Platform teams: create trusted patterns, without being stuck in support & operations work.
Architecture
We will automate data pipeline creation with the following GCP stack:
Pub/Sub for a message queue
Cloud Run Functions for custom code computation and transformation
Cloud Storage to store the results and Cloud Run Function
A similar set of Blueprints and Guardrails could apply to AWS services: SNS, Lambdas, and S3.
Terraform Example
The following Terraform code will create a one-off data pipeline. This would require developers that are comfortable with Terraform and the cloud services options that can be set within it.
Original Terraform code
terraform {
required_providers {
google = {
source = "hashicorp/google"
version = ">= 4.34.0"
}
}
}
resource "random_id" "bucket_prefix" {
byte_length = 8
}
resource "google_service_account" "default" {
account_id = "test-gcf-sa"
display_name = "Test Service Account"
}
resource "google_pubsub_topic" "default" {
name = "functions2-topic"
}
resource "google_storage_bucket" "default" {
name = "${random_id.bucket_prefix.hex}-gcf-source" # Every bucket name must be globally unique
location = "US"
uniform_bucket_level_access = true
}
data "archive_file" "default" {
type = "zip"
output_path = "/tmp/function-source.zip"
source_dir = "function-source/"
}
resource "google_storage_bucket_object" "default" {
name = "function-source.zip"
bucket = google_storage_bucket.default.name
source = data.archive_file.default.output_path # Path to the zipped function source code
}
resource "google_cloudfunctions2_function" "default" {
name = "function"
location = "us-central1"
description = "a new function"
build_config {
runtime = "nodejs16"
entry_point = "helloPubSub" # Set the entry point
environment_variables = {
BUILD_CONFIG_TEST = "build_test"
}
source {
storage_source {
bucket = google_storage_bucket.default.name
object = google_storage_bucket_object.default.name
}
}
}
service_config {
max_instance_count = 3
min_instance_count = 1
available_memory = "256M"
timeout_seconds = 60
environment_variables = {
SERVICE_CONFIG_TEST = "config_test"
}
ingress_settings = "ALLOW_INTERNAL_ONLY"
all_traffic_on_latest_revision = true
service_account_email = google_service_account.default.email
}
event_trigger {
trigger_region = "us-central1"
event_type = "google.cloud.pubsub.topic.v1.messagePublished"
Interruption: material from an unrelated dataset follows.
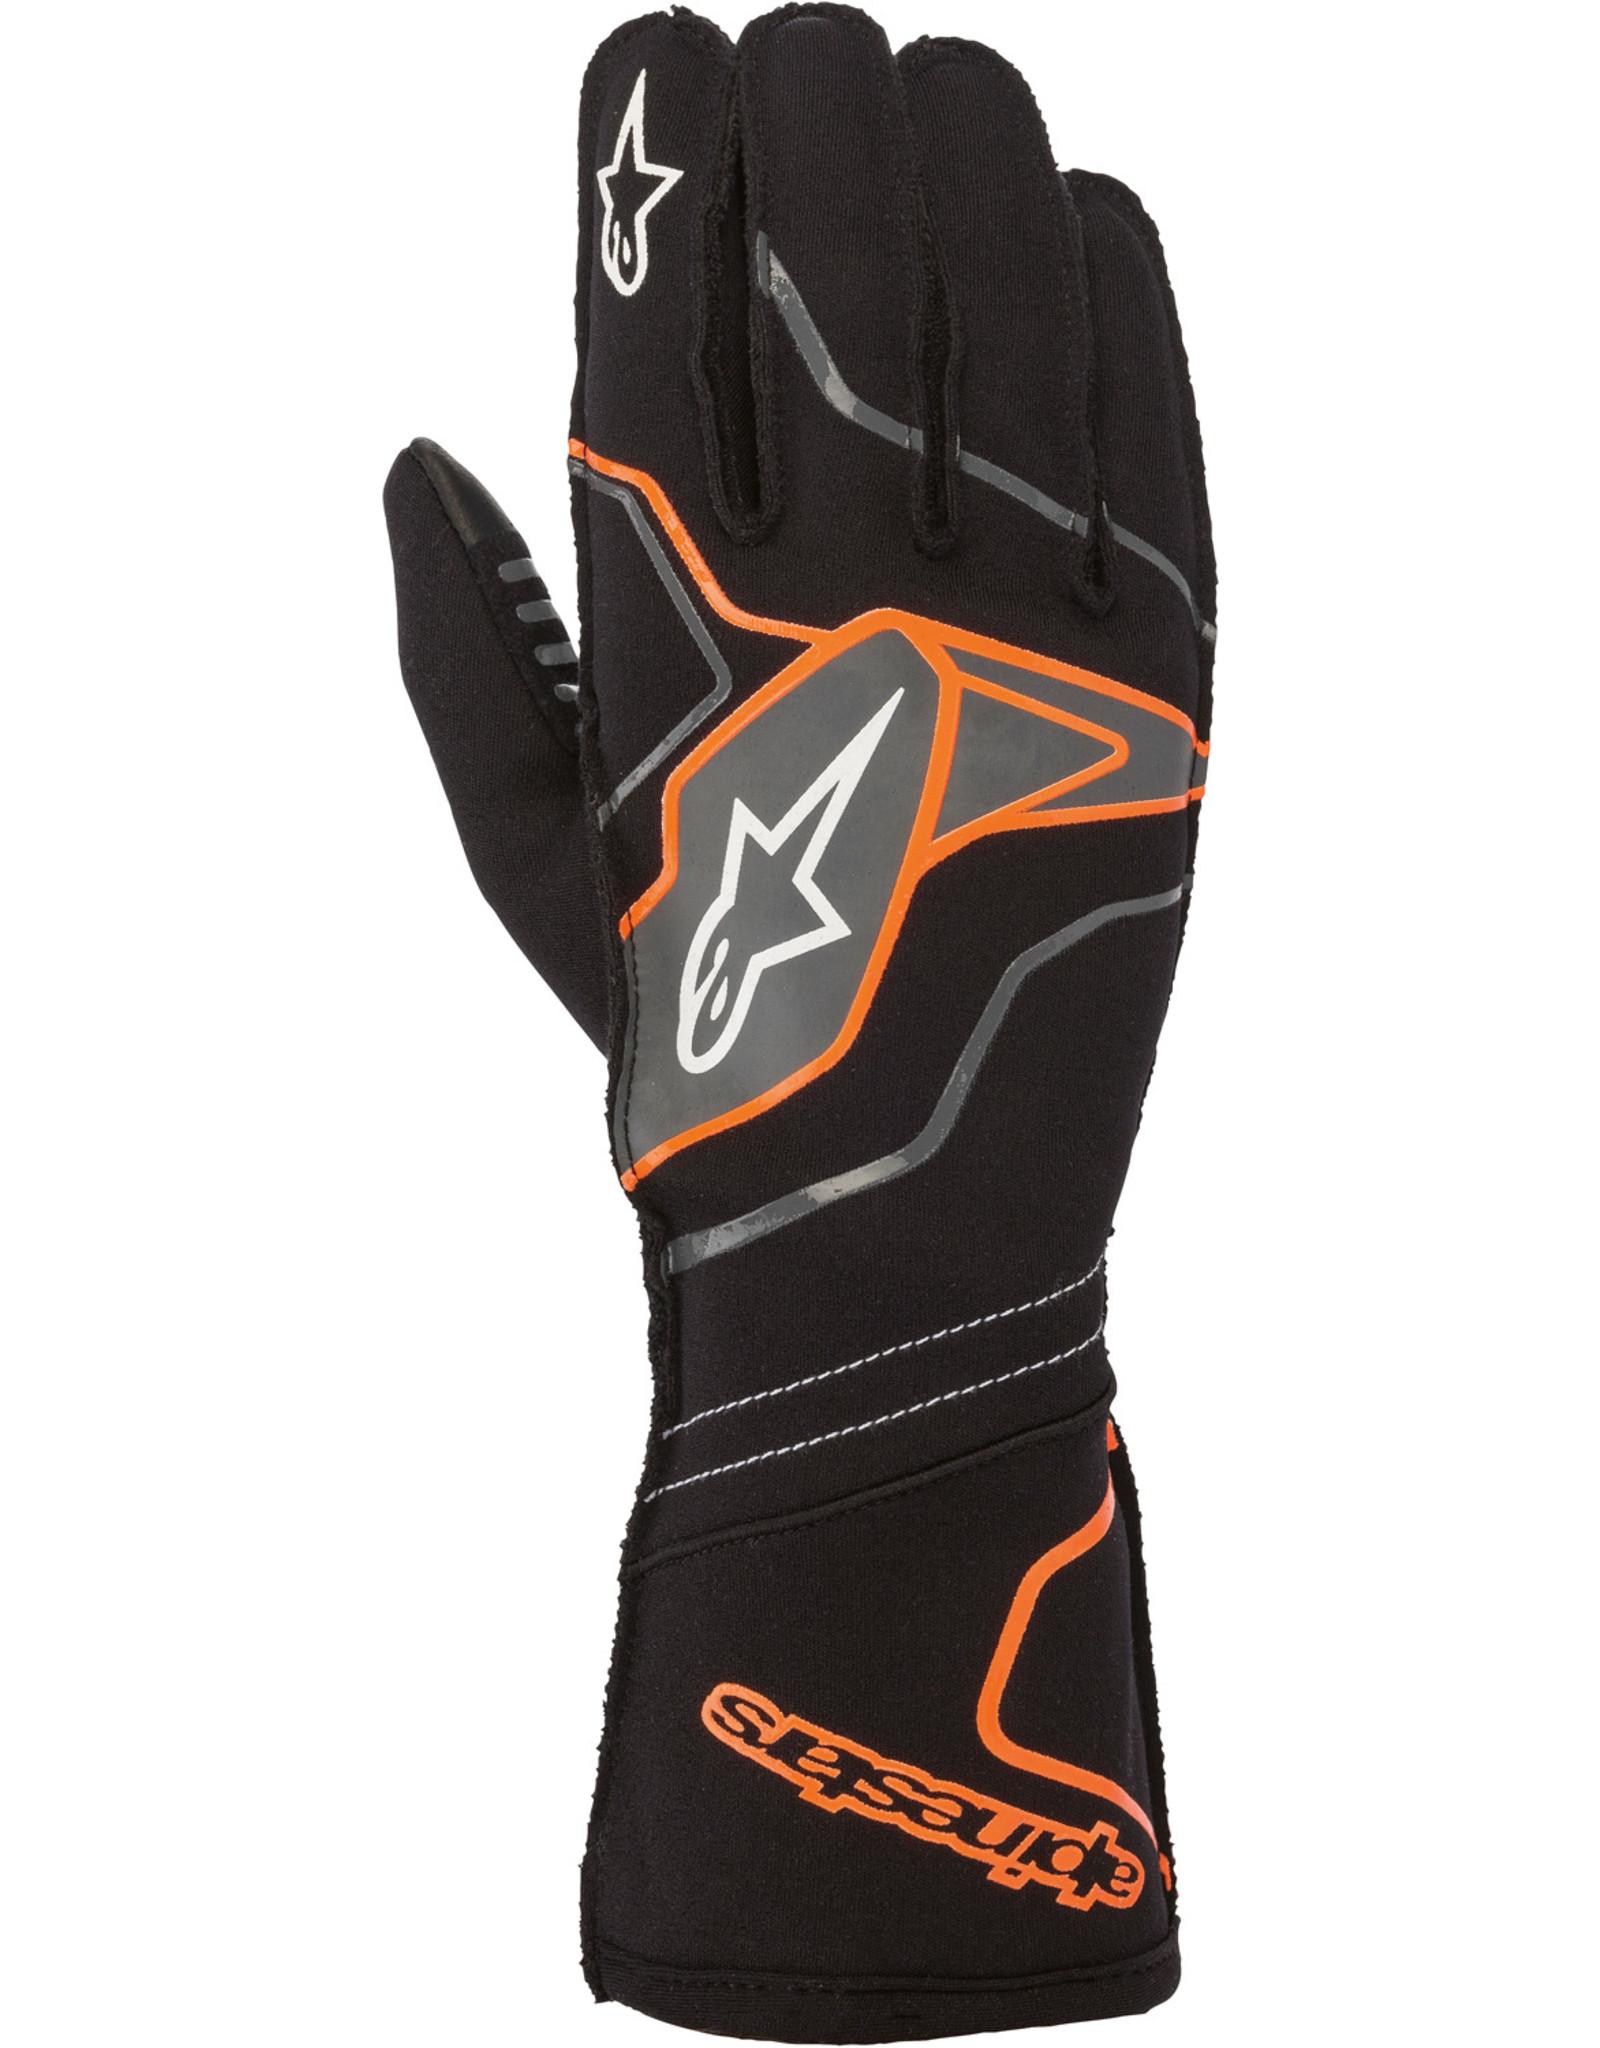 Alpinestars Alpinestars Tech 1 KX V2 zwart / Fluor oranje

pubsub_topic = google_pubsub_topic.default.id
retry_policy = "RETRY_POLICY_RETRY"
}
}
This code creates the following Resources:
Google Service Accounts
Google Pub/Sub Topic
Google Storage Bucket
Google Storage Bucket Object
Google Cloud Run Function
Inside the bucket, a .zip file is stored that contains the code that the Cloud Run Function will execute. This code is very rigid as-is:
Assumes node.js code for the function
Hard codes a variety of parameters
256 megabytes of memory
60 second timeout
Maximum of 3 instances
Hardcoded environment variables
Converting to Resourcely Blueprint
We will take this code and turn it into a dynamic, interactive template where developers can use a UI to deploy. Here's a preview of what the UI we will generate will look like:
Let's walk through our resources step-by-step and convert it to a Resourcely Blueprint!
General Purpose Blueprint Code
First, we'll add some general purpose variables to our Blueprint. Resourcely Blueprint code is structured first with frontmatter, where variables and their tags are defined. Then, templated Terraform that references our frontmatter variables are structured.
Here, we create a name and location variable and a special __name constant. The desc, required, suggest, and group tags will all impact behavior in the resulting generated UI:
Variables can be referenced multiple times through Blueprints. You'll see {{ name }} and {{ __name }}, which will use the input from this single UI field.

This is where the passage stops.